Promoter experiments - What's next? (Feb/19/2007 )
I've already been doing a bioinformatic analysis of the region upstream from de first exon of my known sequence that codes for the protein of interest, can anybody tell me what to do next? I mean I'm planning to study the region with a construction having a reporter, but how do I decide which is the hypothetical promoter region? for maybe I don't see activity due to negative regulation.......
I'm not very good at this issue......
Does anyone has some information or protocols? or links where I can find out what to take into account when doing this kind of experiments??

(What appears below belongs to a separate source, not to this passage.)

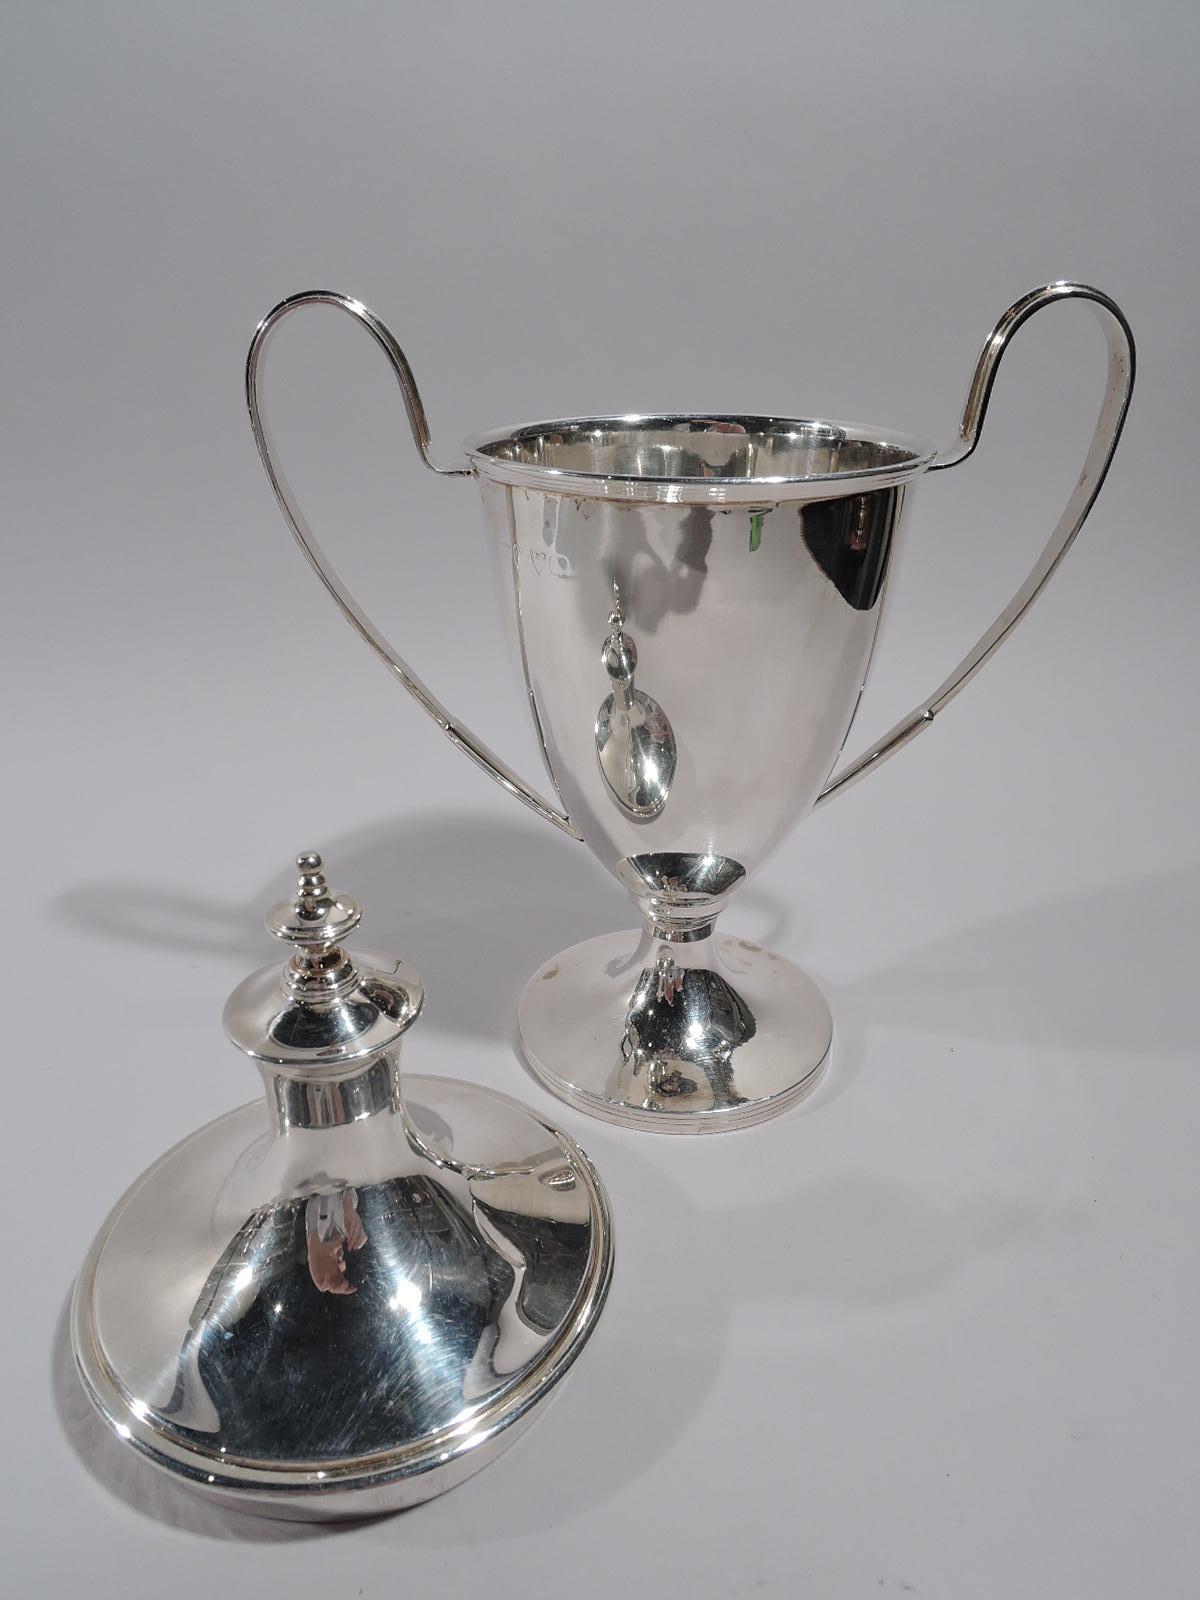 English sterling silver trophy cup, circa 1920. Urn with high-looping sides handles and raised foot. Cover domed with vase finial. Smallish. Traditional form. Fully marked including maker (Barker Bros) and assay (Chester) stamps, and worn date

Have you thought about a "dissection" of the promoter region? If you already know the predicted promoter region after exploring with specialized software, you can dissect it choosing several regions of that zone, so if you clone your reporter construction downstream each chosen fragment, you could find where is the promoter region of your gene of interest.
I hope it helps.
Typically the characterization of a poorly described promoter would be carried out using a 5' large sequence with the generation of smaller constructs by 5' deletions in an attempt to map out the functional elements. The region of interest should, if possible extend to the start codon. Since you have carried out some bioinformatics (I assume transcription factor binding sites) you could think about verifying these using EMSA. There are several other techniques that can be used to investigate promoter regions. This link goes over some of the different techniques. It’s focused on polymorphisms, since that is what I'm interested in but the principles should apply to all promoter analysis. http://www.clinsci.org/cs/104/0493/cs1040493.htm.
Our lab uses the pGL3 reporter vector form promega, have a look at their website for more info on that system.